Sales: The Least Taught Profession in the World

November 20, 2014 by QBS Research, Inc.  

 

As I was preparing to work with a new client–one of the many who has recently adopted The Challenger Sale concepts–I spotted an article in last week’s Sunday paper called “Building a Better Teacher.” Since one of the main tenants of The Challenger Sale is to Teach, Tailor, and Take Control, I read it with interest. There was one passage in particular that got my attention. The passage simply read:

“The natural born teacher has proven to be a myth. Those studies looking for the personality traits of a great teacher don’t pan out. Researchers have found that the most effective teachers can be extraverts–or they can just as easily be introverts. Some are humorous, but others are serious. Some are as flexible as rubber, and others are as rigid as a ruler.

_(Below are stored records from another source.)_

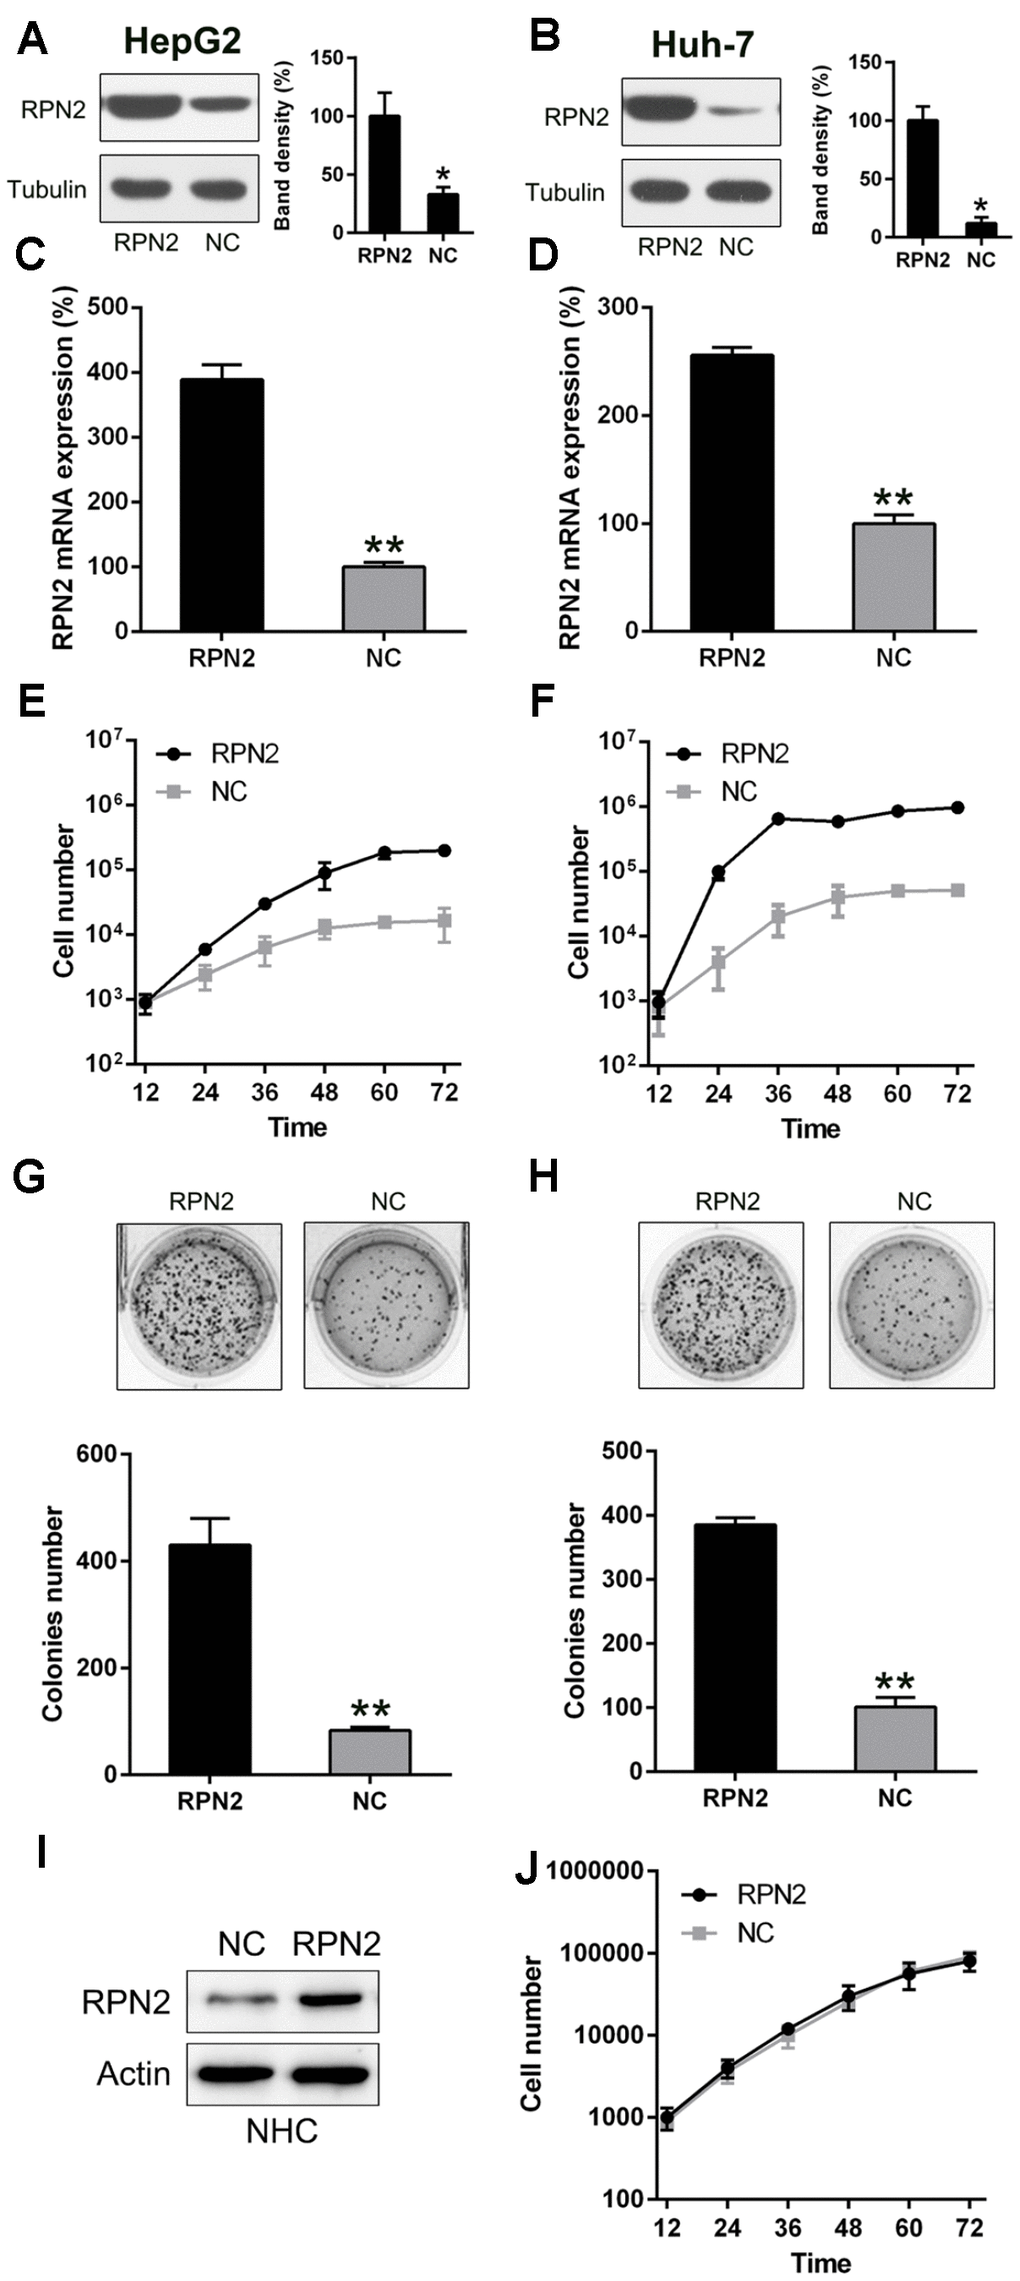 RPN2 overexpression promotes proliferation of Huh-7 and HepG2 cells. The cell lines were transfected with AD-RPN2 and AD-NC (control). Western blotting (A, B) and qPCR (C, D) were conducted to confirm RPN2 overexpression in both the cell lines. (E, F) Multiplication of Huh-7 and HepG2 cells was measured at time points of 12, 24, 36, 48, 60, and 72 h after transfection by the MTT assay. (G, H) Soft agar colony formation assay of the Huh-7 and HepG2 cells expressing RPN2 and controls. (I) The NHC were transfected with AD-RPN2 and AD-NC (control). WB was conducted to confirm RPN2 overexpression in NHC. (J) Multiplication of NHC was measured at time points of 12, 24, 36, 48, 60, and 72 h after transfection by the MTT assay. The band of target protein was normalized to the density of action. The quantification was performed independently in a single band. The experiments were performed three times. Data are recorded as mean ± SD. **P 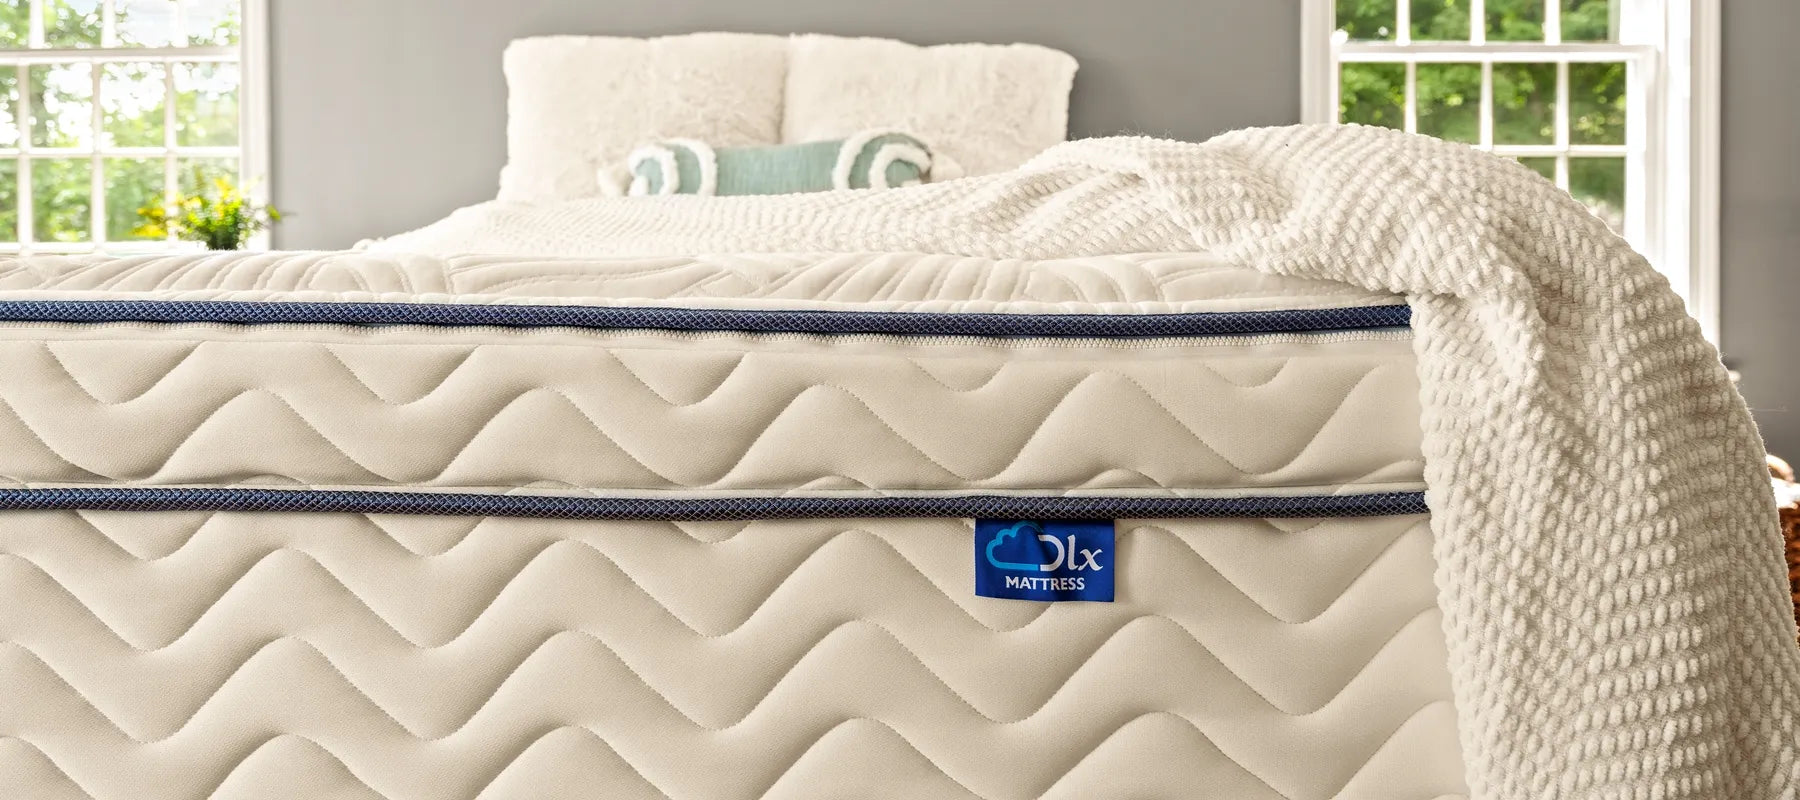 Close-up view of the DLX hybrid mattress showing the distinct blue DLX logo label.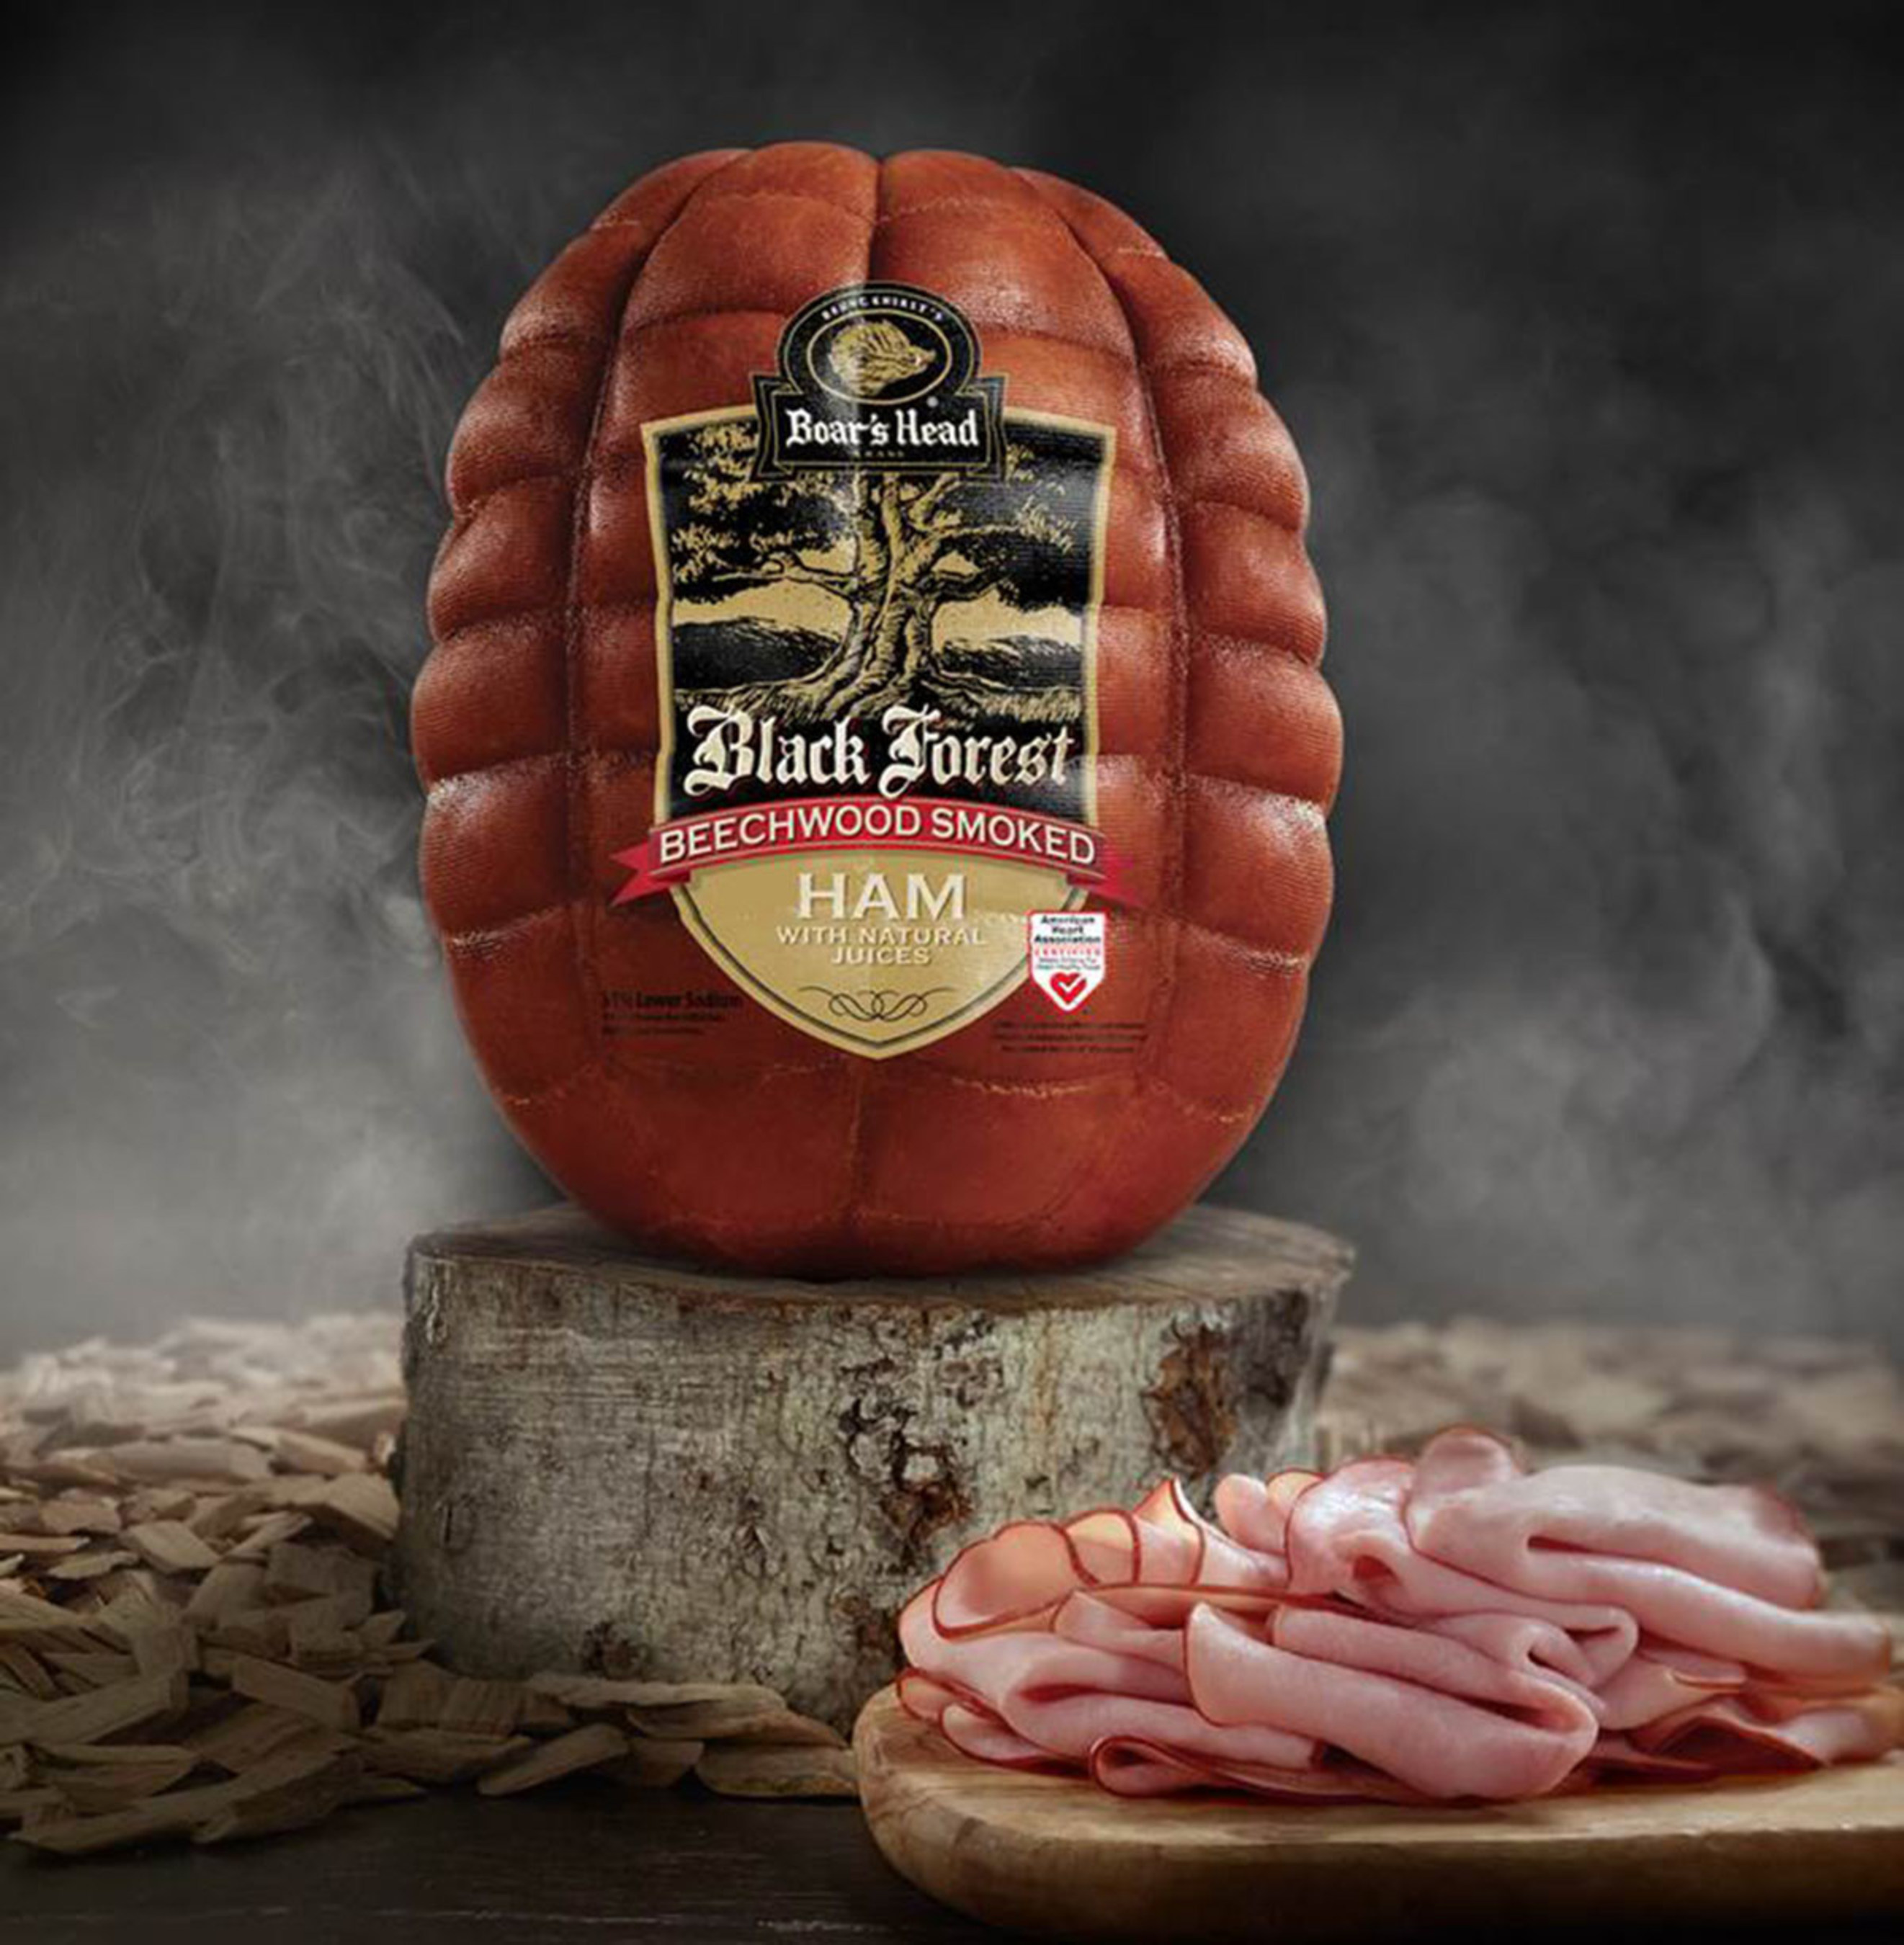 Boar's Head Teams Up with Celebrity Chef Richard Blais to Introduce Black Forest Beechwood Smoked Ham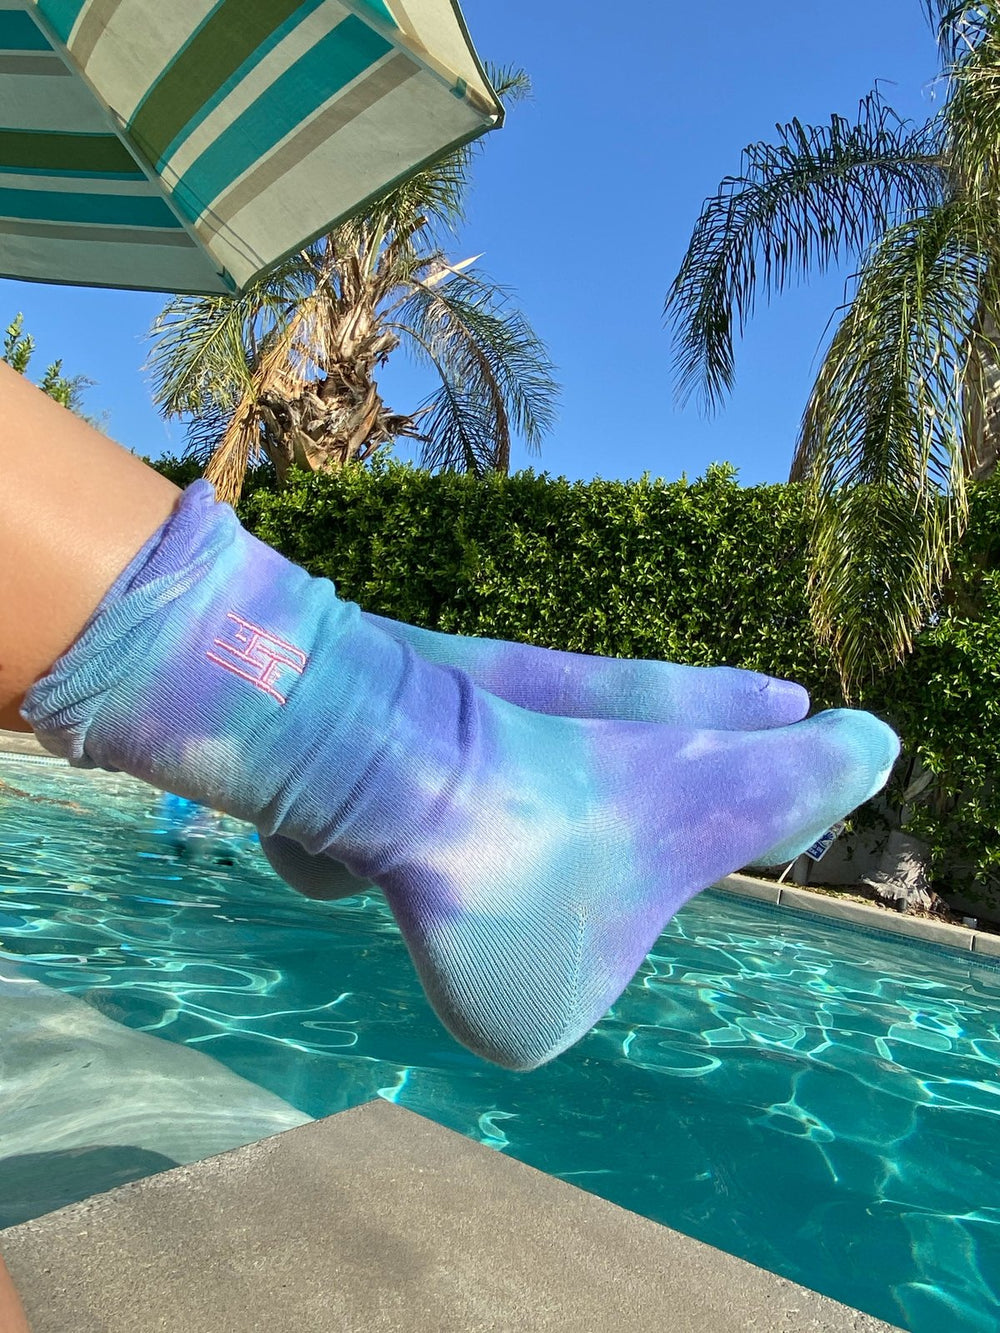 Tie Dye Sock & Scrunchie Set - Aqua Purple
Tie Dye Ruffle Sock with Matching Tie Dye Scrunchie Set The tie dye phenomenon lives on! These socks are crafted to perfection in this tie dye soft stretch cotton socks with a ruffle trim. and Each pair comes with matching large tie dye velvet scrunchie and personalized packaging. Hand-dyed design. Each pair is unique due to the dyeing process and come in a longer length for multiple styling options. Wear them with your favorite sneakers, sandals and heels. With or

It’s not personality that makes a teacher great, but a specialized body of knowledge that must be learned–and that often goes against what comes naturally.”

From my perspective, that same conclusion can be applied to sales. There are very few naturally born salespeople. Success in selling is a function of having the skills necessary to cause prospects to “want to” engage with you, as opposed to the countless other sales callers, coupled with the ability to earn credibility, convey value, create a sense of urgency, qualify, secure commitments, etc. Other than attending a few seminars and whatever experiences you’ve had, how are people who are given the responsibility of producing revenue supposed to learn how to sell?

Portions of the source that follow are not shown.